I am so sorry for your loss. 
(((hugs)))


----------



## CataholicsAnonymous (Dec 4, 2006)

I'm so very sorry. I know how much it hurts.


----------



## Janice (Jan 12, 2007)

Awwww... so sorry to hear this. It's always a heart-wrenching time to make that decision for your baby. (((HUGS)))


----------



## Mr. Kind (Dec 24, 2005)

What a beautiful cat. So sorry of your loss.


----------



## Jeanie (Jun 18, 2003)

I understand how deeply this hurts.  Your Gizzy was a beautiful cat, a satiny, lovely pet. I pray that your pain will ease soon. Many blessings.


----------



## Hank3 (Oct 20, 2003)

So sorry for your sudden loss


----------



## bluemoon (Feb 28, 2007)

Thank you all for your kind replys. 
Its been almost 3 weeks now without my baby, and its still hurting like crazy. I am not coping very well, my doctor has given me anti-depressants and sleeping pills to help me through. I dont know if they are helping really. This is so hard.


----------



## Jeanie (Jun 18, 2003)

I understand. I'm sure all of us who have lost pets know how terrible it is. I still get tears in my eyes when I think of every pet I have had. You can't turn off love. What might help is a visit to a shelter. There might be a kitten or cat who needs you desperately. You won't forget Gizzy, but there is unlimited room in your heart for love.

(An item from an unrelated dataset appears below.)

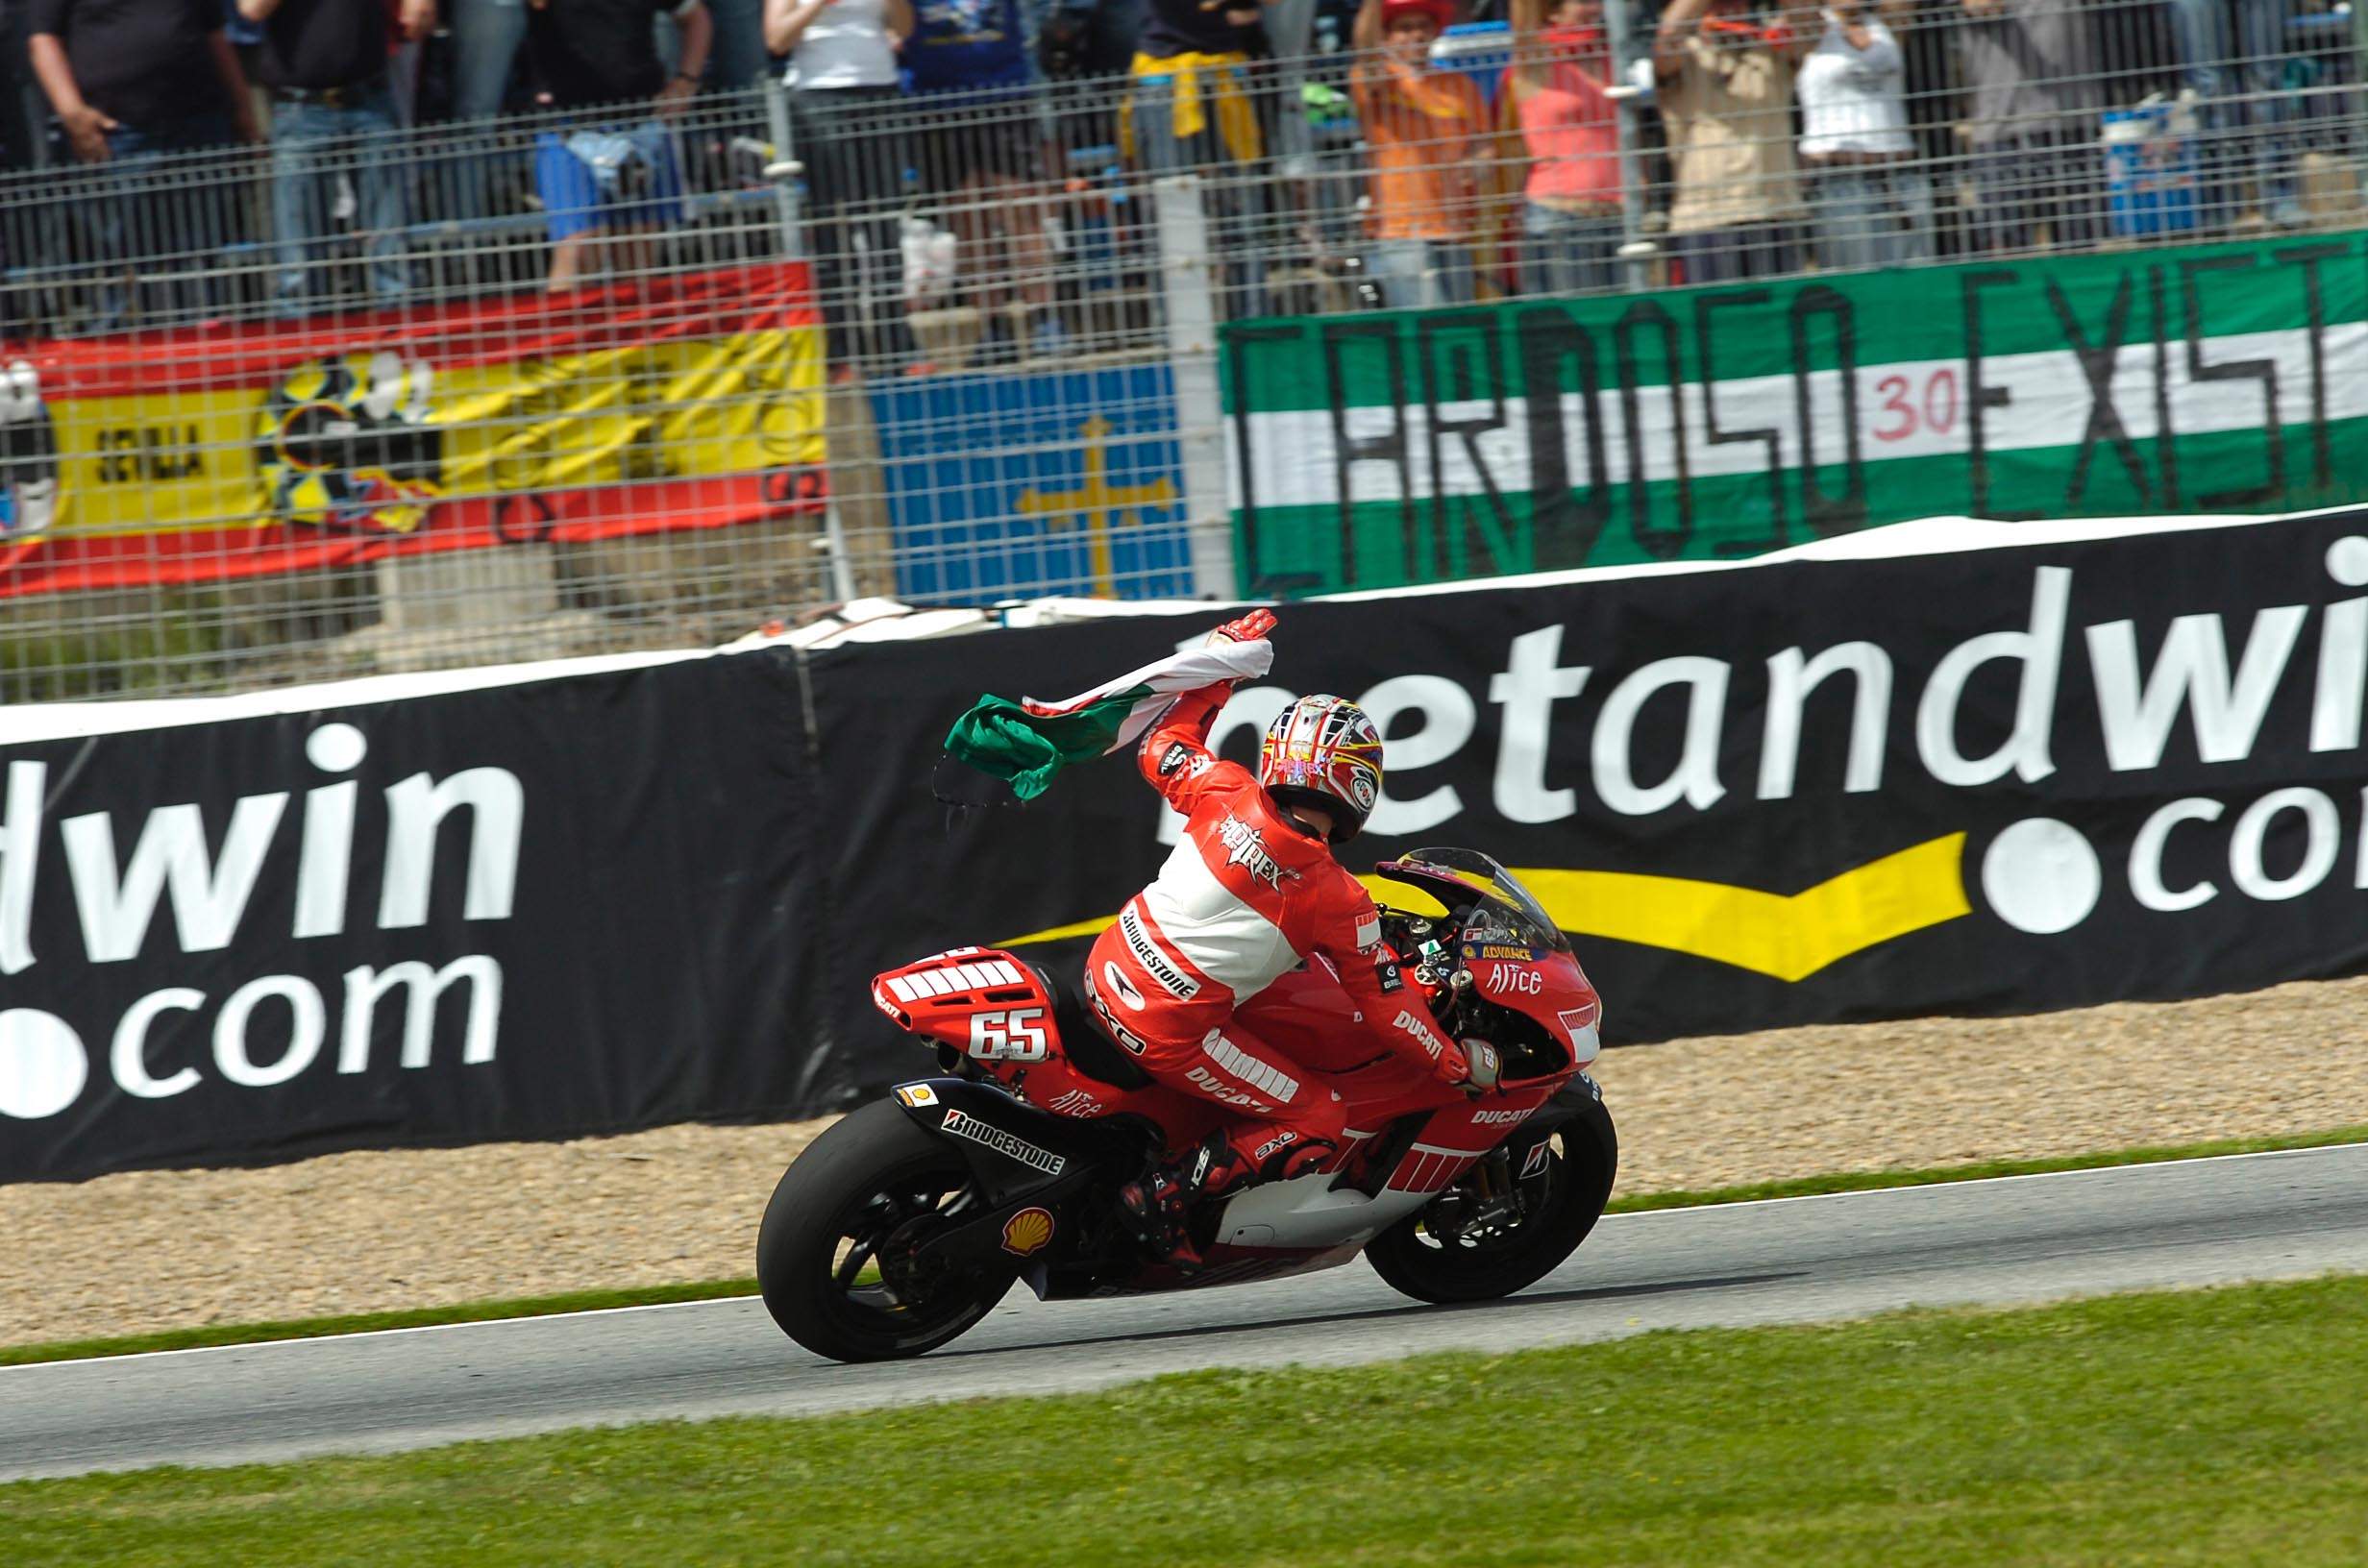 MotoGP: Čekijoje greičiausias buvo L.Capirossi

Have you read this? The tears are inevitable. God bless. 

http://www.catforum.com/viewtopic.php?t=11824


----------



## dmcwlvssr (Apr 24, 2005)

Giant Hugs! RIP beautiful kitty!


----------



## bluemoon (Feb 28, 2007)

*a month*

Its been a month now since my Gizzy left me, and my heart still breaks everyday. I dont think I will ever deal with losing him.... its so hard


----------



## Jeanie (Jun 18, 2003)

Bluemoon, perhaps a walk through a shelter would help. There is unlimited room in your heart, and although you can't replace your baby, there is a kitten or cat who would love you, and you might save a life. Until that time, I wish you blessings.


----------



## DixieandSuzie (Mar 19, 2007)

*Re: a month*



bluemoon said:


> Its been a month now since my Gizzy left me, and my heart still breaks everyday. I dont think I will ever deal with losing him.... its so hard


We understand, it's been 3 months since my Dixie went to the Bridge. I still am upset and heartbroken, but it helps me knowing that she is pain free at the bridge. RIP Gizzy.


----------



## Megan1216 (Nov 28, 2004)

*HUGS* So sorry for your loss.


----------



## MA (Mar 30, 2004)

I'm sorry for your loss. He was a handsome one. I love that picture.You are in my thoughts. Hugs out to you.


----------



## nankeen80 (Apr 9, 2007)

Hi Bluemoon,

I know how u feel, u ve been with Gizzy for almost 12 years. Its hard to get over the pain. When I learn of my cat death, I too feel like my life lose its meaning and a part of me is dying slowly. I cry every time i miss him, it hurt so much knowing that i never able to see him again. For a few days, I cry non-stop, fortunately my boyfriend help me get over the grieve. My cat hold a special place in my heart that no one can ever replace. Nevertheless, life still has to move on.

P/S My cat look like yours.


----------